Overview
Agentic systems compose multiple steps, decisions, and agents over trajectories that can extend for minutes or hours. Confidence at individual steps becomes a critical control signal for deciding whether to continue, replan, escalate, search deeper, or defer to humans.
Four patterns emerge: (1) selective escalation — trigger expensive operations (debates, deeper search, human input) when confidence is low, (2) self-correction — detect and fix errors within a trajectory, (3) verifier-guided search — use reward or process models to guide exploration (MCTS, RL), and (4) multi-agent deliberation — aggregate confidence across agents to reach collective decisions.
Selective Escalation
Use confidence to decide when to invoke expensive or escalated mechanisms: multi-agent debate, longer searches, additional compute, or human intervention.
Self-Correction
Rather than accepting the first output, these systems use confidence signals to detect errors and refine trajectories.
Related baselines (behavioral): Self-Refine (NeurIPS 2023), Reflexion (NeurIPS 2023), ASTRO (2025), Self-Backtracking (2025). These work but use less structured confidence signals.
Verifier-Guided Search
Use verifier or process rewards as confidence signals to guide tree search (MCTS) or beam search, directing computational budget toward promising branches.
Multi-Agent Deliberation
When multiple agents or samples are available, aggregate their confidence signals to reach collective decisions.

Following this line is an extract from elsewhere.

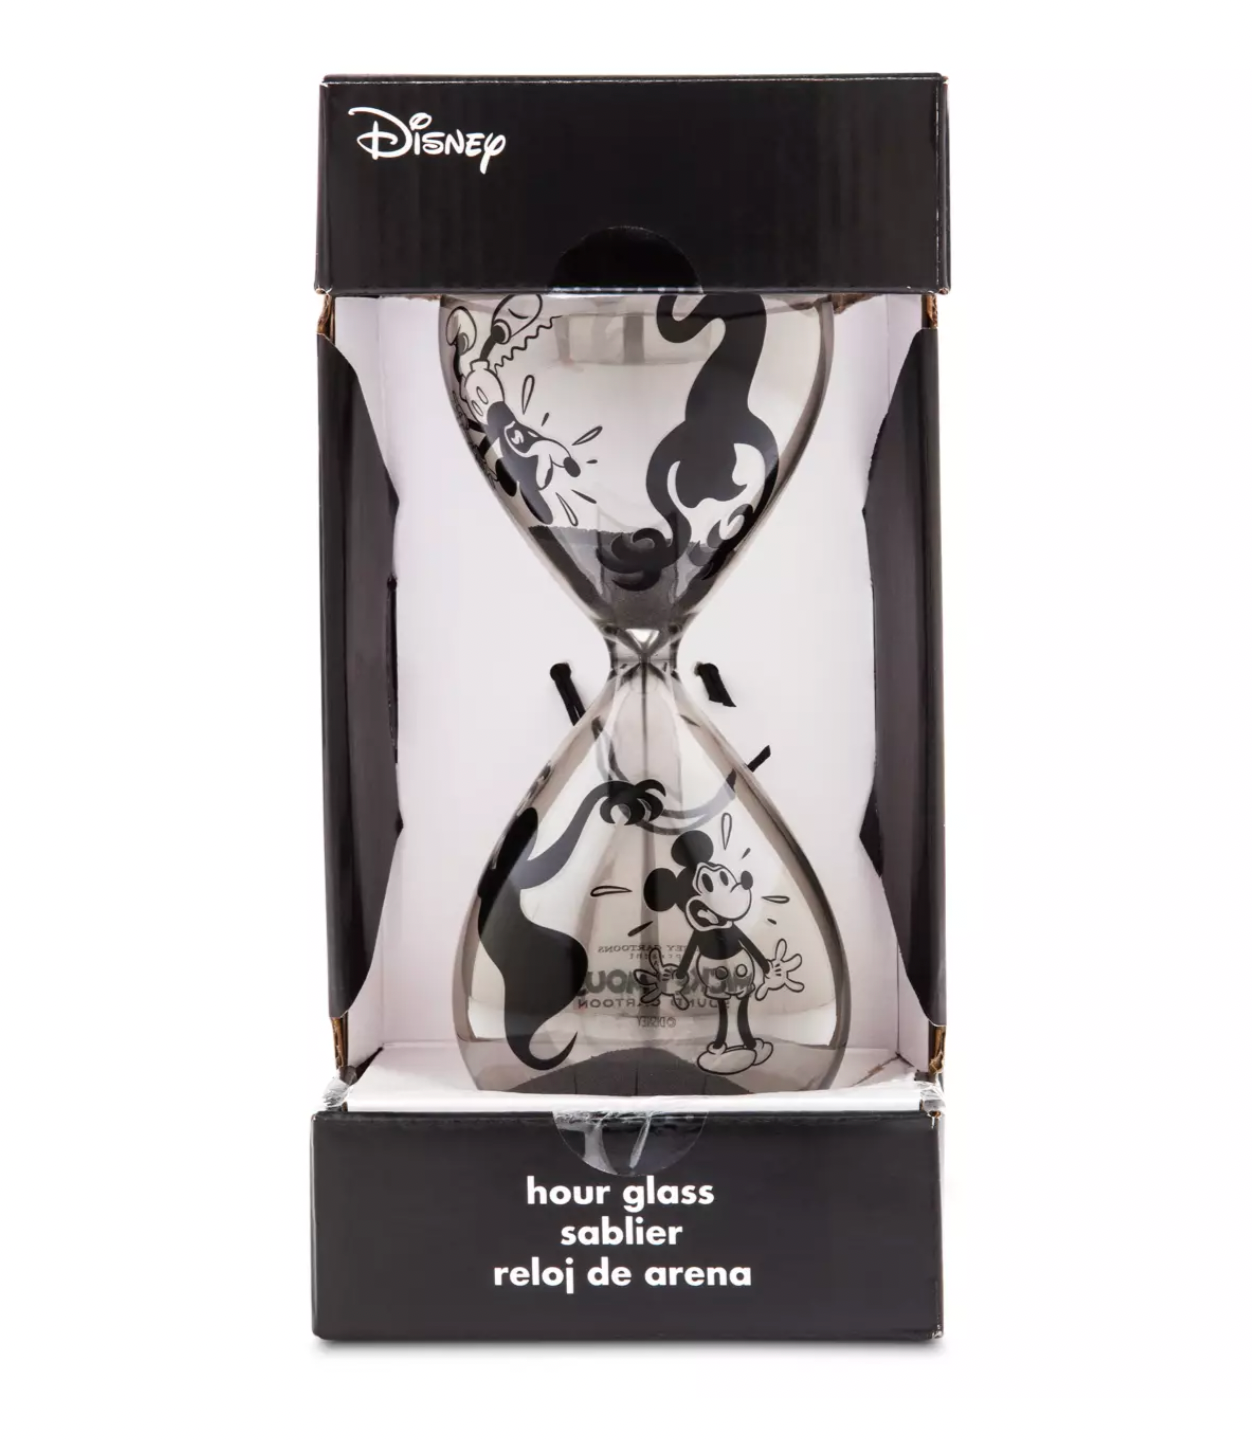 Disney Halloween Mickey Sound Cartoon Hour Glass New with Box

Related diagnostic works: Can LLMs Debate? (2025), Voting or Consensus (ACL Findings 2025), Free-MAD (2025). These analyze multi-agent behaviors but focus on mechanics rather than confidence-based control.
Summary Table
| Method | Source | Signal | Unit | Role | Access |
|---|---|---|---|---|---|
| Selective Escalation | |||||
| iMAD | Self | Hesitation features | Query | Trigger debate | Pr, FT, MA |
| PRM Calibration | Auxiliary | Calibrated PRM | Prefix/traj | Allocate budget | Aux, MS, FT |
| Scaling TTC | Hybrid | Difficulty + verifier | Query/traj | Allocate compute | Aux, MS |
| VeriMAP | Auxiliary | Planner verification | Subtask/plan | Retry, replan | Env, Aux |
| Self-Correction | |||||
| ReVISE | Self | Self-verification | Step/traj | Revise, stop | FT |
| SSR | Self | Step confidence | Step | Locate, refine | MS, Pr |
| BacktrackAgent | Auxiliary | Verifier signals | Page/action | Detect, backtrack | Env, Aux |
| Verifier-Guided Search | |||||
| LATS | Hybrid | Value + reflection | Node/traj | Expand, select | Env, MS |
| ReST-MCTS | Auxiliary | Process reward | Step/traj | Expand, filter | MS, FT |
| UATS | Auxiliary | PRM uncertainty | Step/node | Guide search | Aux, MS, FT |
| AgentRM | Auxiliary | Trajectory reward | Step/traj | Guide search | Aux, FT |
| RewardAgent | Hybrid | RM + verifier | Response/traj | Select, supervise | Aux, FT |
| Multi-Agent Deliberation | |||||
| ReConcile | Peer | Calibrated confidence | Answer/round | Aggregate, update | MA |
| ConfMAD | Peer | LN + verbal conf | Response/turn | Aggregate, revise | MA |
Access legend: Pr = prompt, FT = fine-tuned, Aux = auxiliary model, Env = environment, MA = multi-agent, MS = multiple samples
Discussion
Agentic systems fundamentally extend the scope of confidence control. Single-decision inference operates in milliseconds; agentic loops operate over minutes or hours with dozens of intermediate steps. Confidence signals must be reliable across this extended horizon.
Four open questions dominate:
- Composition: How do confidence signals compose across steps? Low confidence in step 1 does not directly tell us whether the entire trajectory will succeed. Methods like LATS and ReST-MCTS use process or trajectory rewards, but these require auxiliary training.
- Signal alignment: Self-verification (ReVISE), process rewards (LATS), and verifier judging (VeriMAP) all claim to detect errors. When they disagree, which should we trust? Best practice layers multiple signals (ReConcile, ConfMAD) but this increases complexity.
- Compute budgeting: Scaling TTC and PRM Calibration allocate compute based on confidence, but the optimal allocation is unclear. Should hard queries get more samples or deeper search?
- Human escalation: Most papers assume escalation is to a larger model or human. When confidence is low, the right action may be to ask a human for clarification or approval. This is underexplored.
Key insight: Composition is the bottleneck. The survey has strong individual building blocks (confidence signals, verifiers, routing, RAG, risk control). Integrating them into reliable, composable agentic systems remains an open research frontier.